Data shown below:

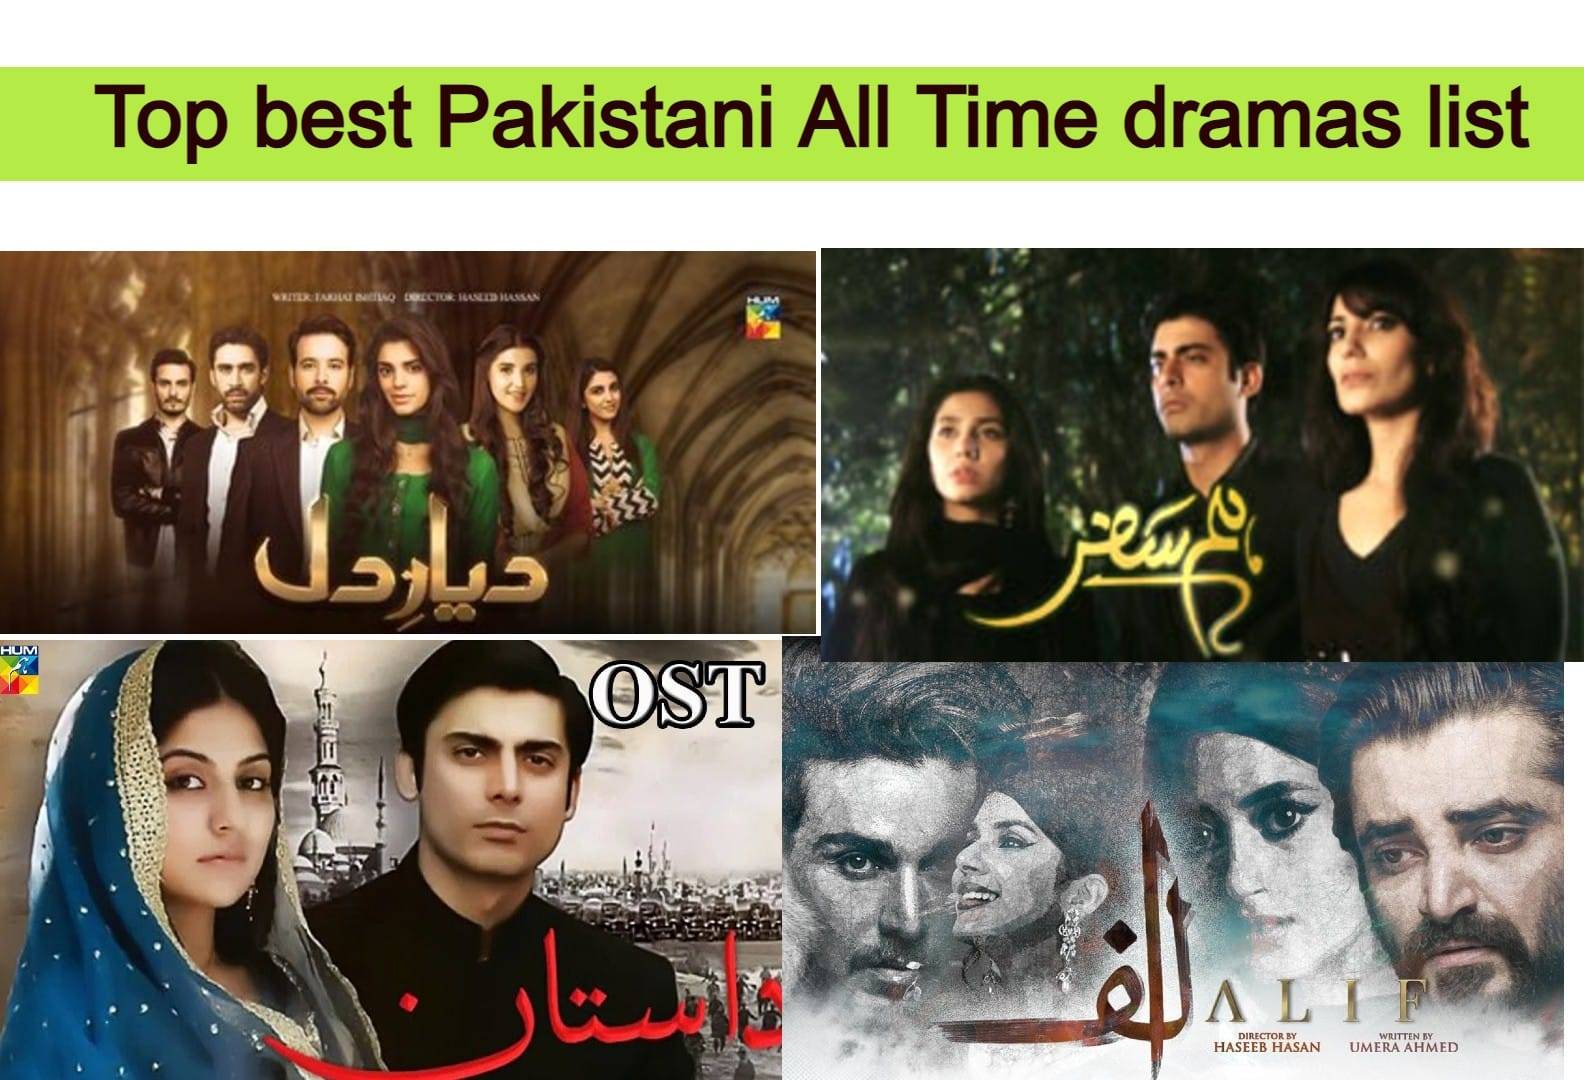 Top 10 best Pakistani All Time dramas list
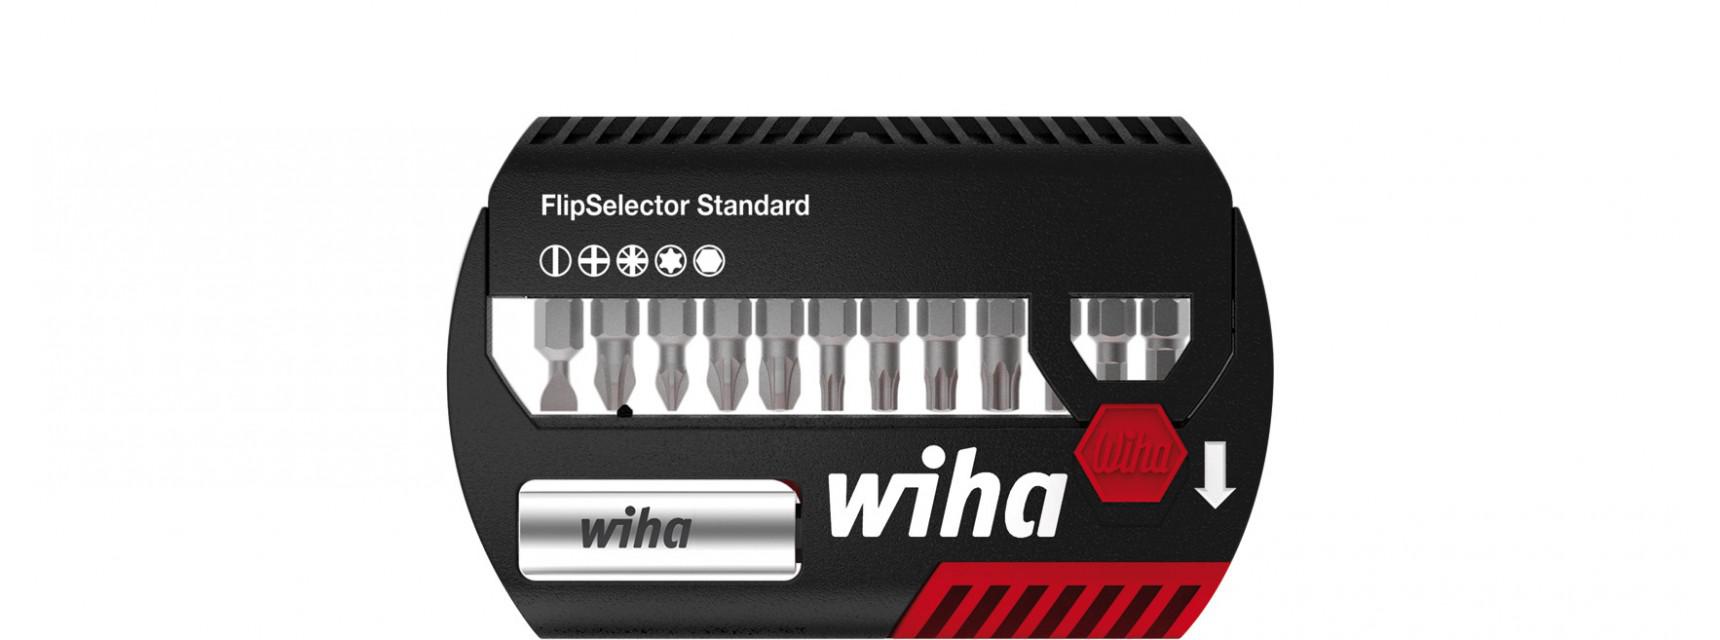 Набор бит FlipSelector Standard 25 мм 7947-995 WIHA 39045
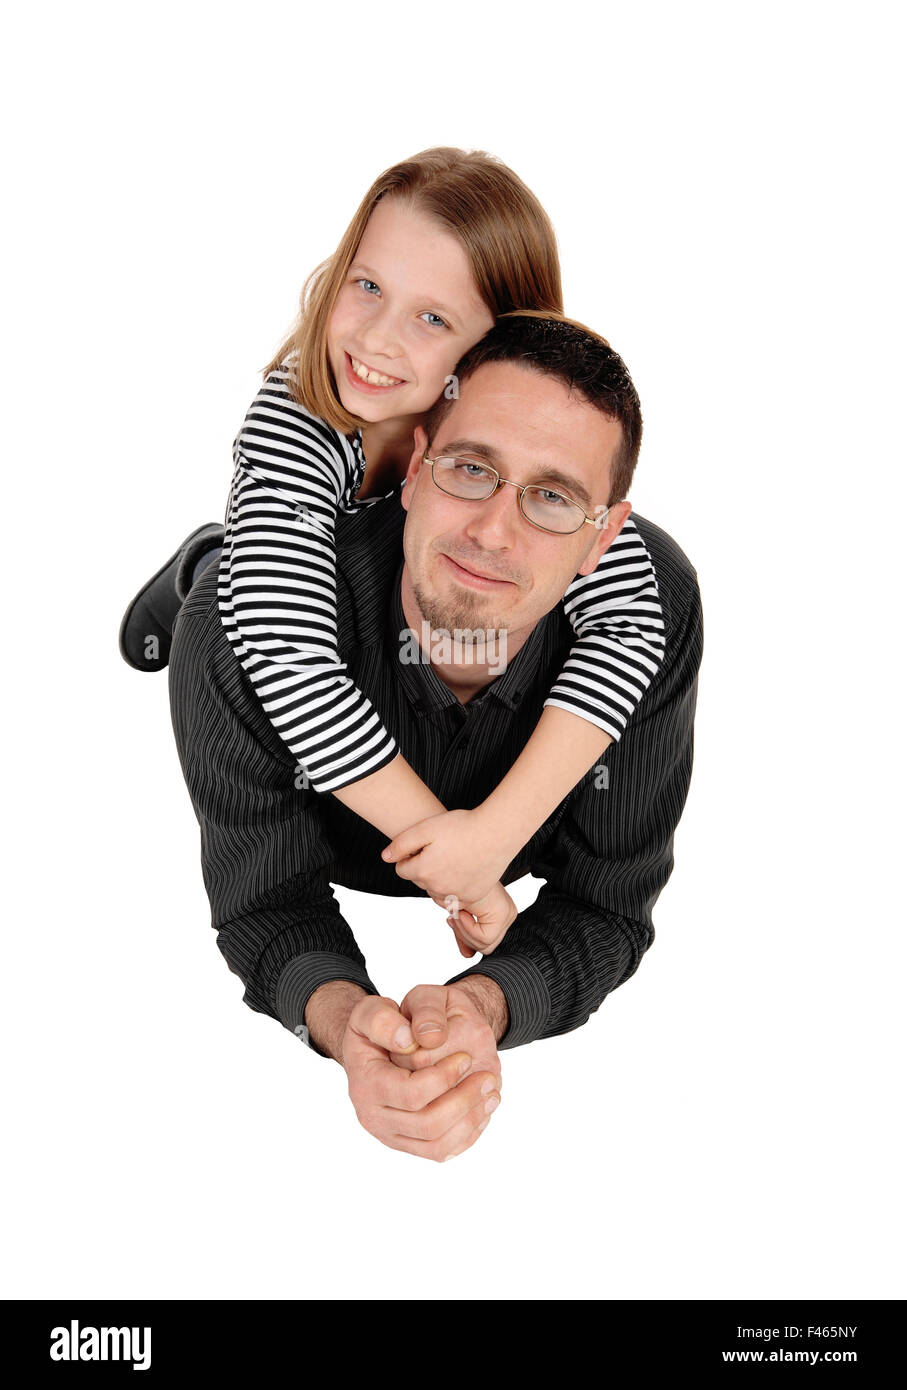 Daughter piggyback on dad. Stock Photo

End of Data shown.

What you should do =>
Would you output the full listing exactly as it stands, minus the images?

Solution to the problem =>
 Top 10 best Pakistani All Time dramas list
 Набор бит FlipSelector Standard 25 мм 7947-995 WIHA 39045
 Daughter piggyback on dad. Stock Photo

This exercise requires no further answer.